Началась ли новая фаза осадной гулянки с этого сумеречного вторженья нынешнего, 1922-го, года, или перемена была внутренней и Монтаугеновой: сдвиг в конфигурации видов и звуков, которые он ныне отфильтровывал, предпочитая не замечать? Никак не скажешь; никто и не скажет. Из чего б ни проросло – возвращающегося здоровья или простого нетерпения от герметической замкнутости, – он начинал уже ощущать то первое робкое давление на железы, что однажды разовьется в нравственное негодование. По крайней малости, ему доведется пережить редкий для него Achphenomenon[154]: открытие, что вуайеризм его определялся только виденными событиями, а не сознательным выбором либо предустановленным комплектом личных психических нужд.

Никто больше никаких боев не видел. Время от времени в отдалении мог наблюдаться отряд конных солдат, они отчаянно неслись через все нагорье, вздымая немного пыли; доносились взрывы, из-за многих миль, со стороны гор Карас. И однажды ночью они слышали, как бондель, заблудившийся в темноте, вопил имя Абрахама Морриса, спотыкаясь и падая в овраг. В последние недели пребывания Монтаугена никто не выходил из дому, в сутки все спали всего по нескольку часов. Бесспорно, треть из их числа была прикована к постелям; несколько, помимо бонделей Фоппля, умерло. Это стало развлечением – каждую ночь навещать инвалида, поить его вином и возбуждать его половое чувство.

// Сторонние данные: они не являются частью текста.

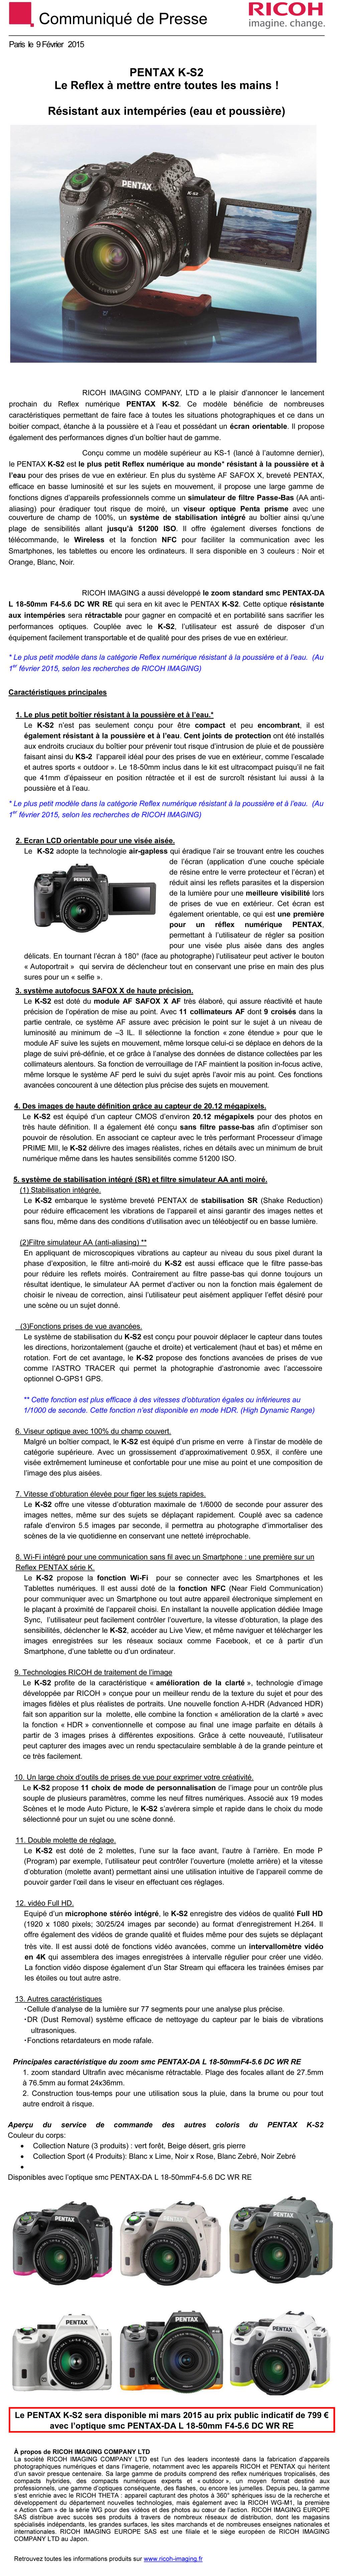 PENTAX RICOH IMAGING - Communiqué de Presse 09/02/2015 - PENTAX K-S2 GNsRUP

Монтауген оставался наверху, у себя в башне, прилежно взламывал свой шифр, время от времени делая перерывы – постоять в одиночестве на крыше и подумать, удастся ли когда-нибудь сбросить заклятье, похоже, наложенное на него в один из Фашингов: оказываться в окружении декаданса, в какие бы экзотические места севера ли, юга он ни забредал. Вряд ли дело только в Мюнхене, решил он в некий миг: и даже не в самом факте экономической депрессии. Всю Европу наверняка заразила депрессия души, как заразила она этот дом.

Однажды ночью его разбудил взъерошенный Вайссманн – от возбуждения он едва мог стоять спокойно.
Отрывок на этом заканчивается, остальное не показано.